Although he can’t control the economic environment or the regulations the company must adopt, Swift can do something about another major issue facing the trucking industry – finding enough drivers to move the freight.
It’s difficult to draw millennials to the industry, Stocking said, but Swift is being proactive in its attempts to recruit workers, and that goes well beyond paychecks.
“We have to show them what a great opportunity it is and that they can have a wonderful career as a truck driver,” he said. “We have to have predictability in home time. The younger drivers – they value home time as much as they do pay.”
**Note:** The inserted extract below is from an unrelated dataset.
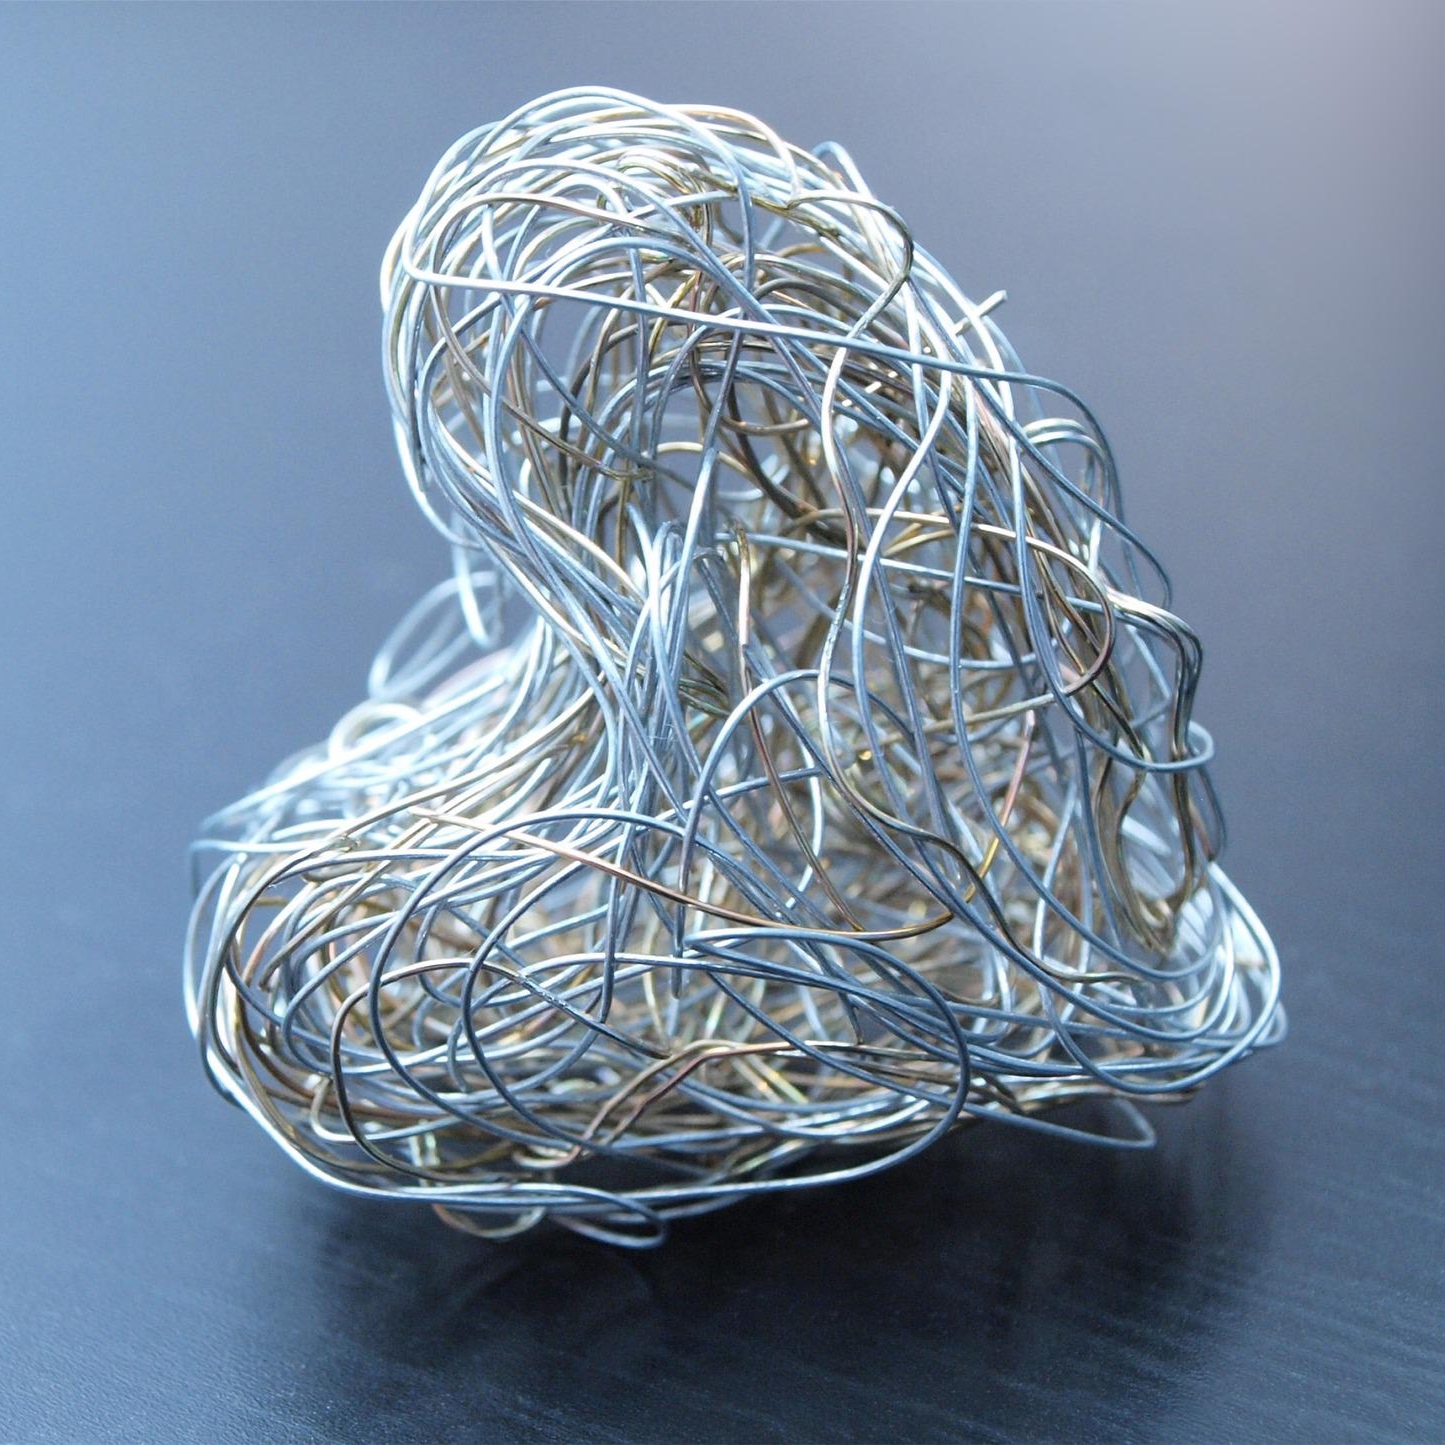 entangled heart, Silvo Bilinski, piaxabay.com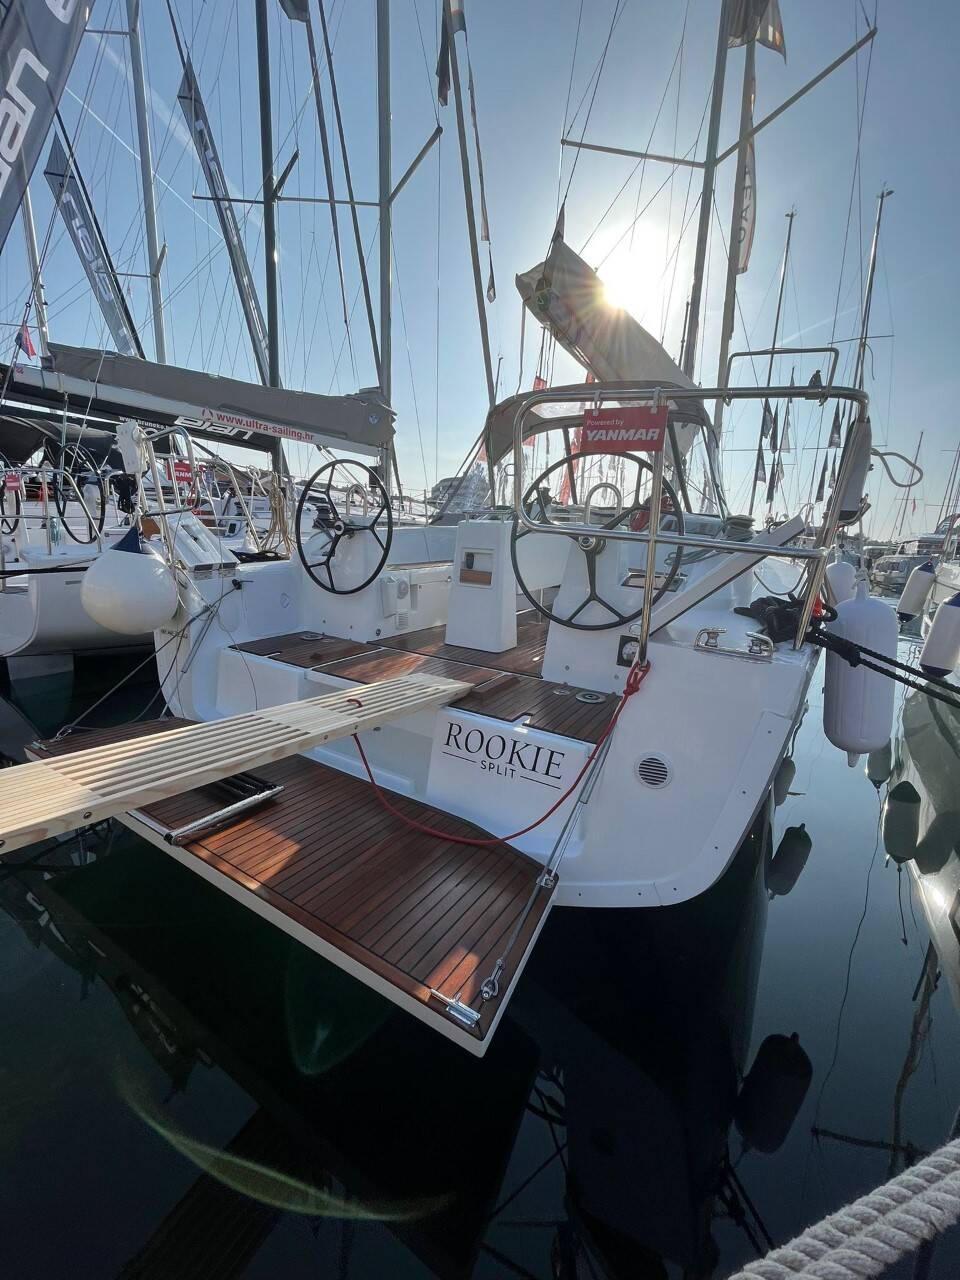 Sailing yacht Oceanis 34.1 Rookie

It’s also a period of rapid technological change.
Although Stocking says such advances as fully autonomous trucks are still decades away, rapidly improving technology will help the industry.
“Our goal is to deliver a better life to employees by using technology,” he said. “We have advanced collision-avoidance systems, trucks with 12-speed automatic transmissions, even recorders in trucks that can mitigate or exonerate them in case of issues on the road.”
Technology also can be used to recruit young people to the driver’s seat, Stocking said.
Connectivity in the truck so they can stay in constant contact with their families is important to young drivers who don’t want to feel isolated. Ensuring safety, which can be advanced using technology, is another important factor for millennials considering a career in the industry.
Offering shorter routes for those who don’t want to be on the road as much, offering opportunities for husband-and-wife driving teams, and making the industry more attractive to female drivers are all initiatives the company has worked on, Stocking said.
“If they want to stay close to home, we have those opportunities,” he said. “If a driver’s wife wants to be trained so they can be on the road, we have those opportunities. There are a plethora of opportunities to choose from. It’s like trying to play all the keys on a piano.”
Advancement opportunities are another draw for would-be drivers, Stocking said. Swift puts an emphasis on finding ways for quality employees to move up in the company, something he can attest to as evidenced by his ascension to chief executive.
He wants to foster strong leaders. The more training and education an employee receives, the more knowledge he or she will have of the company and the industry.
Stifel’s Larkin said he believes Stocking is genuine in his belief that the best way to move a company forward is by hiring and retaining quality employees.
“We want to cultivate leaders on the front line who understand our corporate goals,” he said. “You set those goals, and you help people believe in and execute them. You have a strong sense of accountability to those processes and goals. That’s how you move a company forward no matter what kind of environment you’re in.”
Stocking said he’s looking forward to running the company for which he’s worked for nearly 25 years.
He said he’s optimistic about its future and expects freight volumes to return to normal, and sincerely believes that with advanced technology in the trucks, millennials will be drawn to the industry, which will alleviate stress on capacity.
“I think we’ll have a fairly good peak season between now and the end of the year,” he said. “I’m hopeful it will build in 2017, and we’ll be able to continue to win and gain market share if the economy gets better.